Странным образом, теперь, когда Алексий умер, вся Москва заговорила о Сергии. Как будто бы ждали, как будто бы звали, в противность всем князевым ухищрениям, именно одного радонежского игумена.
О том толковали бояре, о том баяла даже Дуня в постели, прижимаясь пышною грудью к Дмитрию: «Ведь не благословил же твоего Митяя!» И князь хмуро молчал, сопел и снова молчал. И молча отворотился к стене, до слез испугав Евдокию, и молча прижал к себе, вытирая мягкою бородой ее слезы, и снова молчал, и только утром, затягивая пояс, распорядил, так же хмуро, пригласить радонежского игумена, пришедшего, как и многие, на похороны владыки, к себе во дворец.

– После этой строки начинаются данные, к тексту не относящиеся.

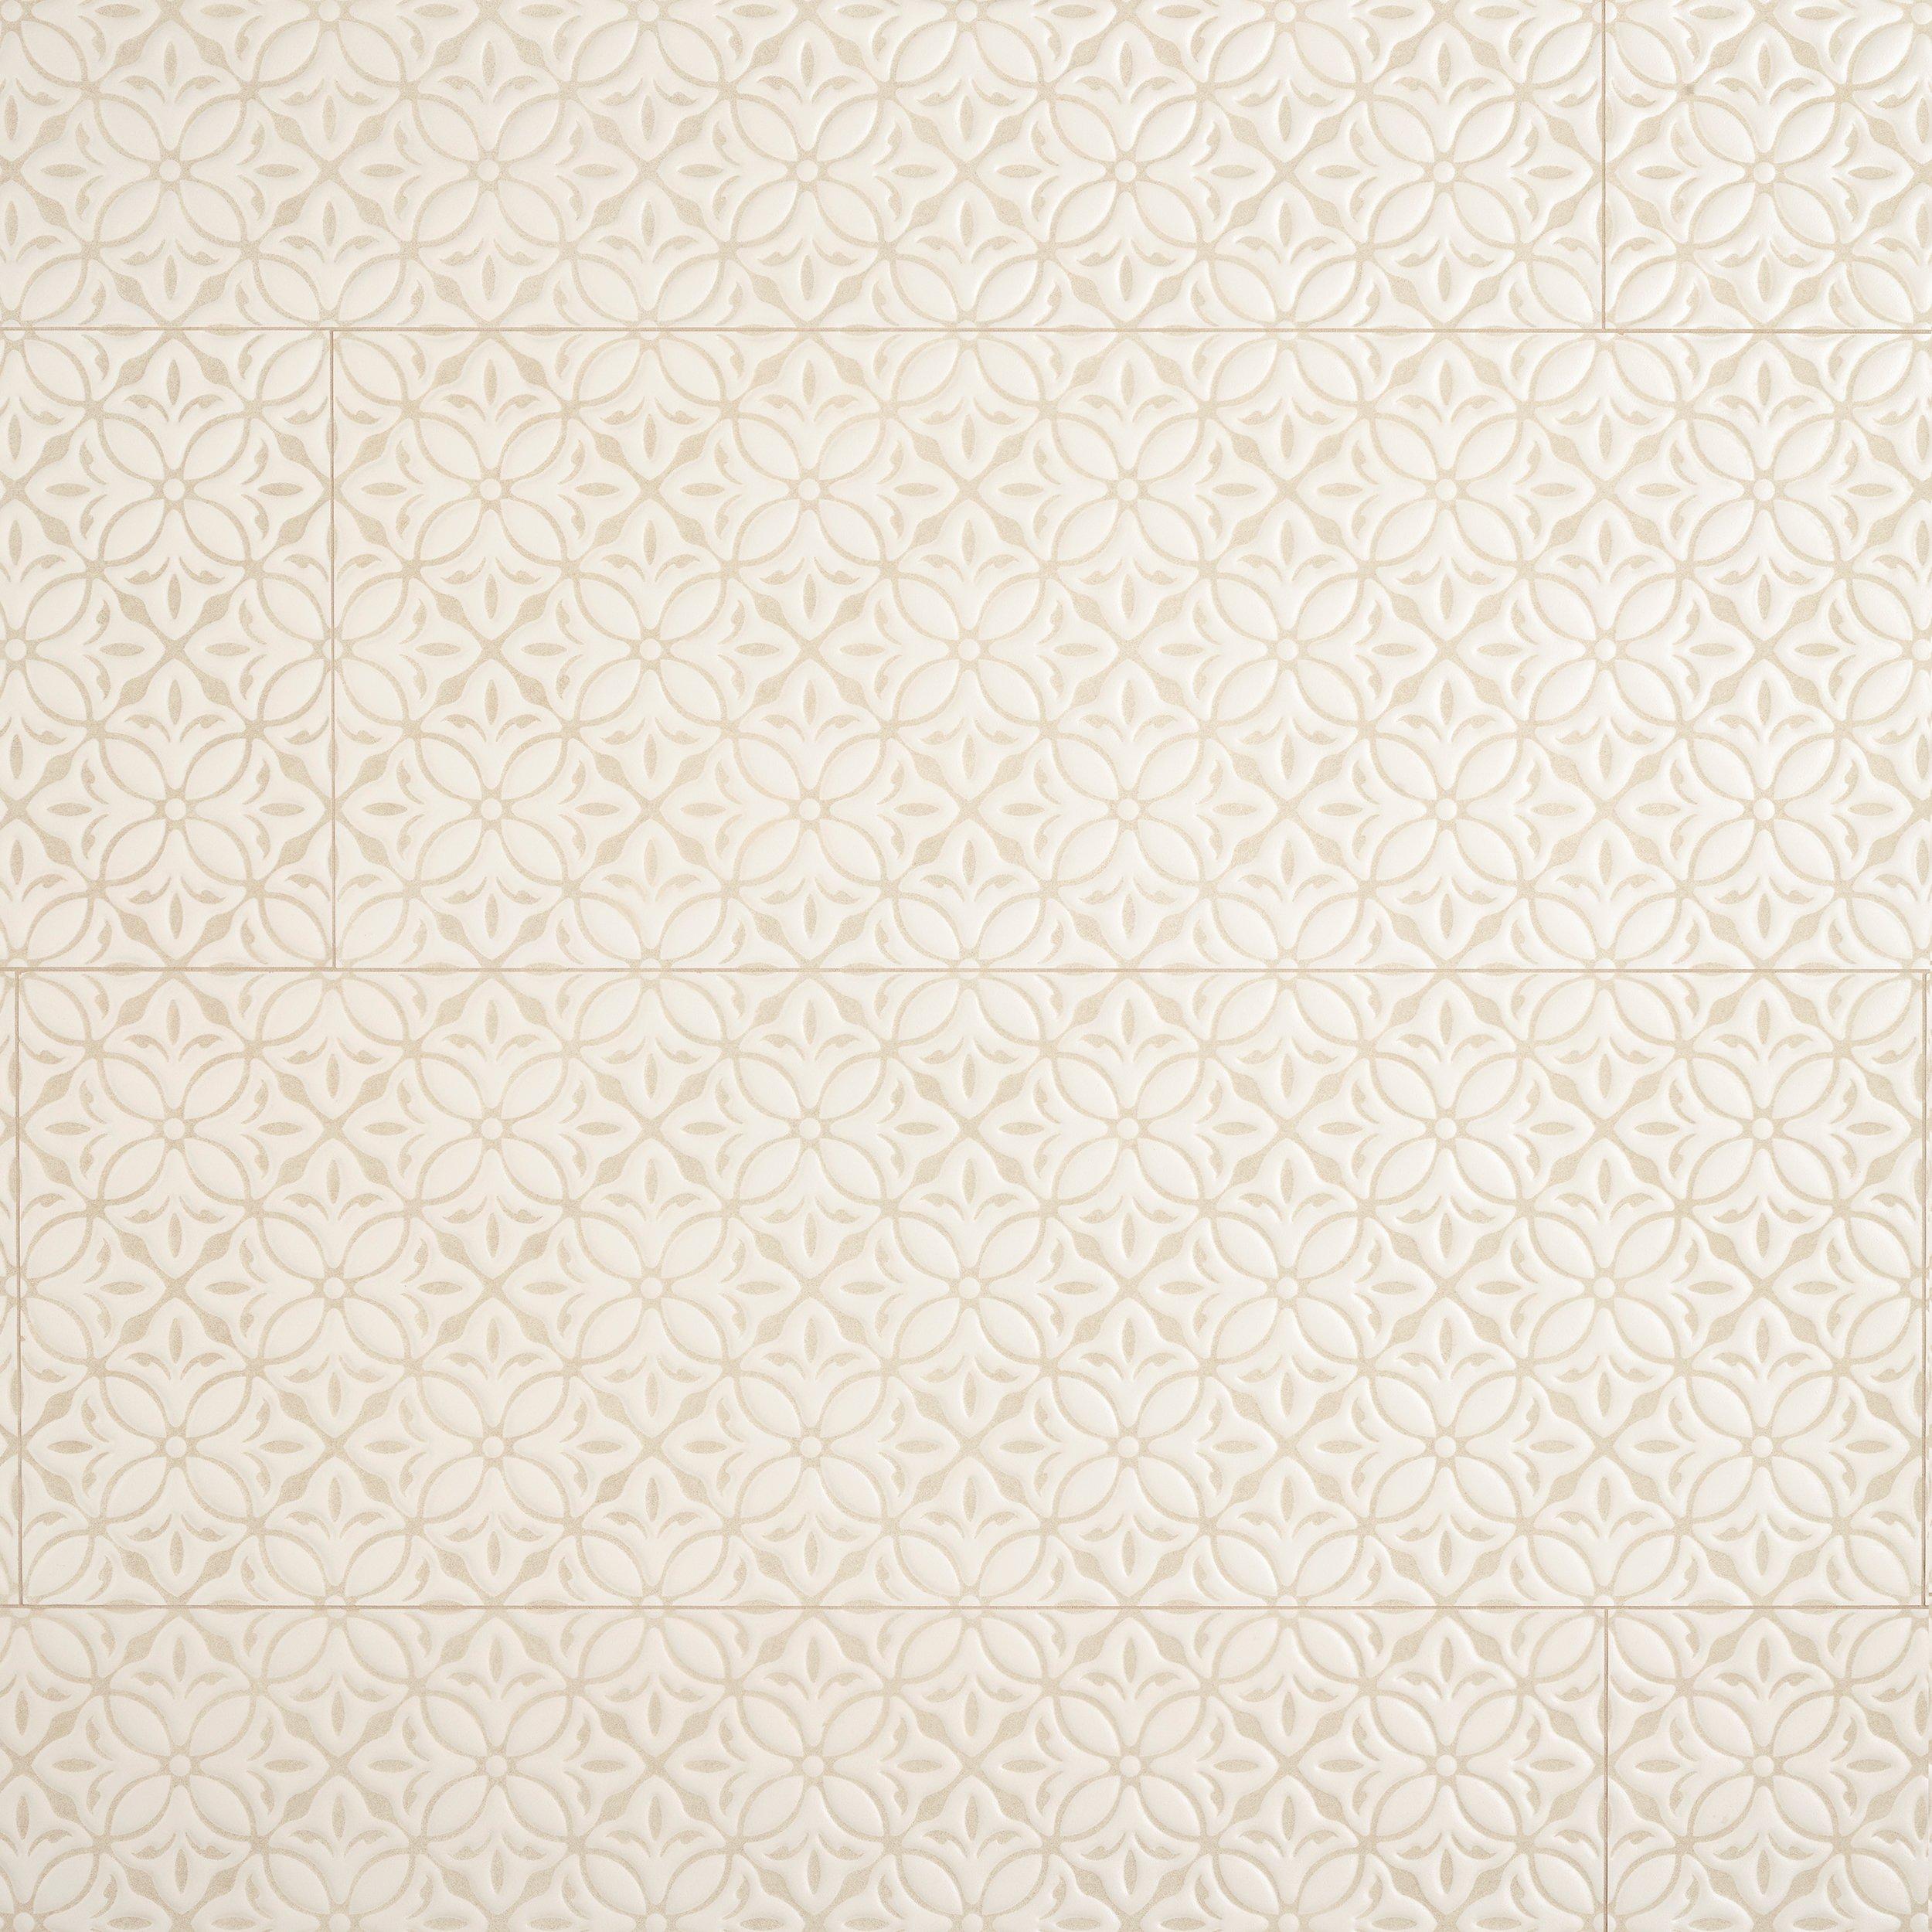 Delano Crema Ceramic Wall Tile

Наверное, Сергий обидел князя своим отказом. Или уж, после толковни с преподобным, который опять наотрез отказал занять пустующее митрополичье кресло, вспыхнуло в Дмитрии прежнее клятое упрямство его. Но он приказал – или разрешил – Михаилу-Митяю то, что тому ни в коем разе не следовало делать.
Митяй, не быв рукоположен, ниже избран собором русских епископов, единым лишь похотением князевым вселился в митрополичий дворец. Вселился властно, забравши священные сосуды и одеяния, печать с посохом, саккос и митру покойного Алексия… и остался в одиночестве, разом оттолкнув от себя колеблющуюся доселе Москву.
Не следовало Митяю до решения патриаршего присваивать себе святыни! То, что баял допрежь один Алексий, что-де Митяй новоук в монашестве и недостоин владычного престола, о том теперь толковала вся Москва.
Упрямство князя и властолюбие его печатника столкнулись со стеною обычая, порушенного похотением власти, тем самым похотением, которое, развившись, через века сметет и обычаи церковные, и саму церковь Христову поставит на грань гибели в неистовой жажде всевластия не токмо над плотью, но и над душами людей.
Это придет. Это непременно будет. И тогда Русь начнет изгибать. Но пока еще обычай крепче похоти власти. И потому, в конце концов, не получилось, не вышло у Митяя с Дмитрием – время тому не пришло!